Король и тут согласился с Анной, подумав при этом, как милосердны законы Ярослава Мудрого. Но Анне ничего о том не сказал.

Она продолжала:

— Но самое тяжелое бремя несет твой народ от произвольной тальи в пользу сеньоров и по их вольному усмотрению. Как можно было допустить такое жестокое ущемление народа? Талья разоряет крестьянина и горожанина. Сеньора ничто не сдерживает. Он имеет право отобрать у подданного последнюю животину, птицу, лошадь, выгнать из жилища. Полный произвол одних и никаких прав защиты у других.

— Господи, я это давно знаю и маюсь, не в силах ничего поделать, — признался Генрих.

Анна говорила горькую правду. Сеньоры жестоко обирали своих вилланов, горожан, особенно когда затевали войны с соседями. Тут им не было предела в алчности. Они отбирали скот, зерно, деньги, имущество — все вроде бы во благо победы над ненавистным врагом.

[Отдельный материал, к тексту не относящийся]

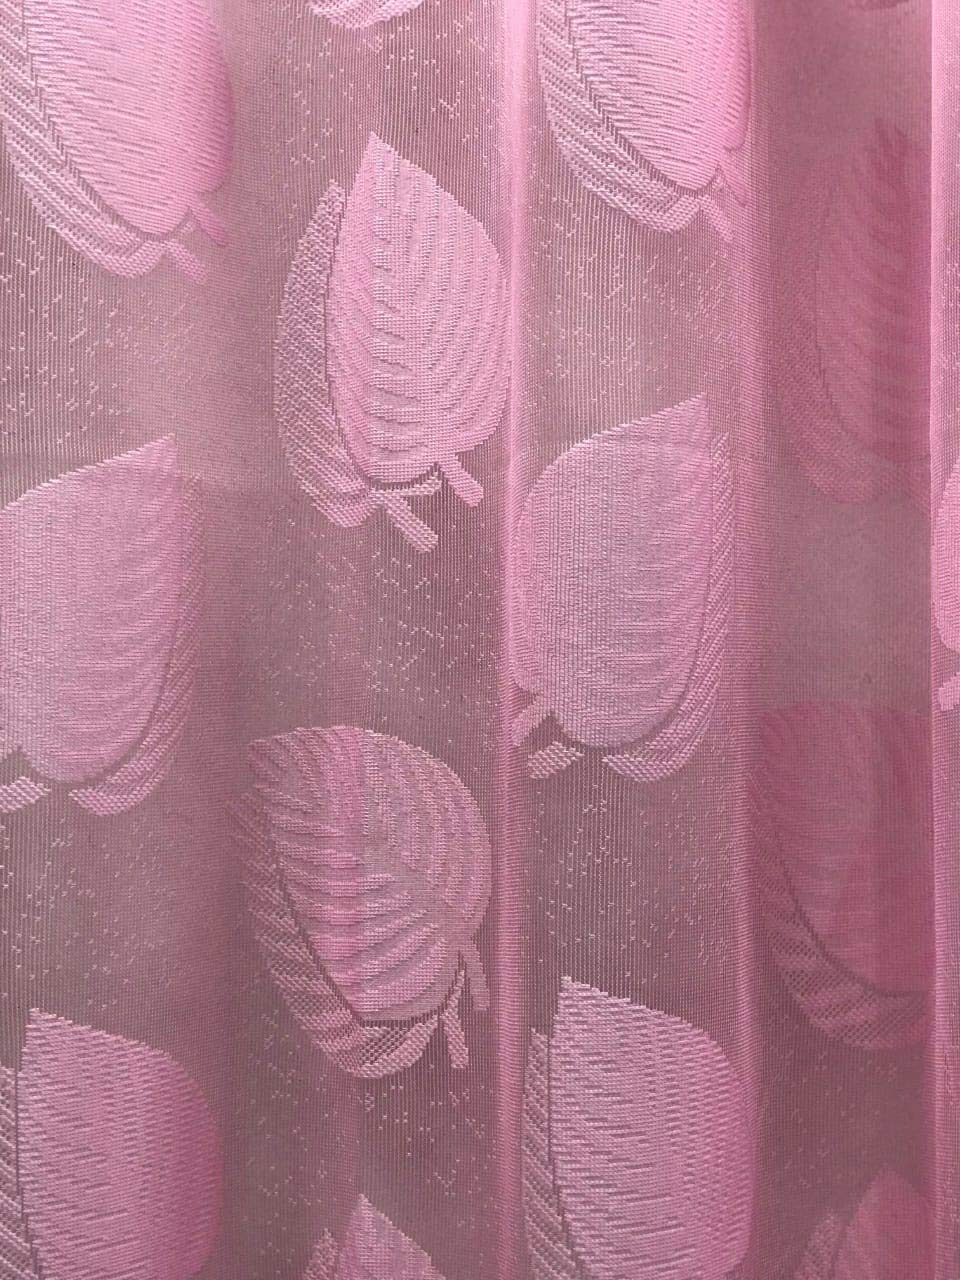 Leaf Design Pink Sheer

— А как поступил бы в таком случае твой батюшка? — спросил Генрих. — Ведь это не так легко — отобрать права у вельмож.

— Того не могу сказать, как бы он поступил. Но мне известно другое. Мой батюшка просто не дал нашим вельможам такой воли. И великий князь строго следит за тем, чтобы никаких произвольных поборов не было.

— Ваша страна велика. Как может государь все видеть, знать и пресекать вольности сильных?

— Тут мы переняли многое у Византии. И потому батюшка все видит, знает и пресекает. На Руси по всем землям есть служилые люди — великокняжеские наместники. И служат они государю исправно, ибо знают, что великий князь сурово наказывает за нарушение законов и мздоимство. Из земель могут пожаловаться великому князю, и он судит нарушителей законов, лишает их имущества.

— Я только удивляюсь мудрости Ярослава. А что же мне делать, если сеньоры полные властители в своих герцогствах и графствах?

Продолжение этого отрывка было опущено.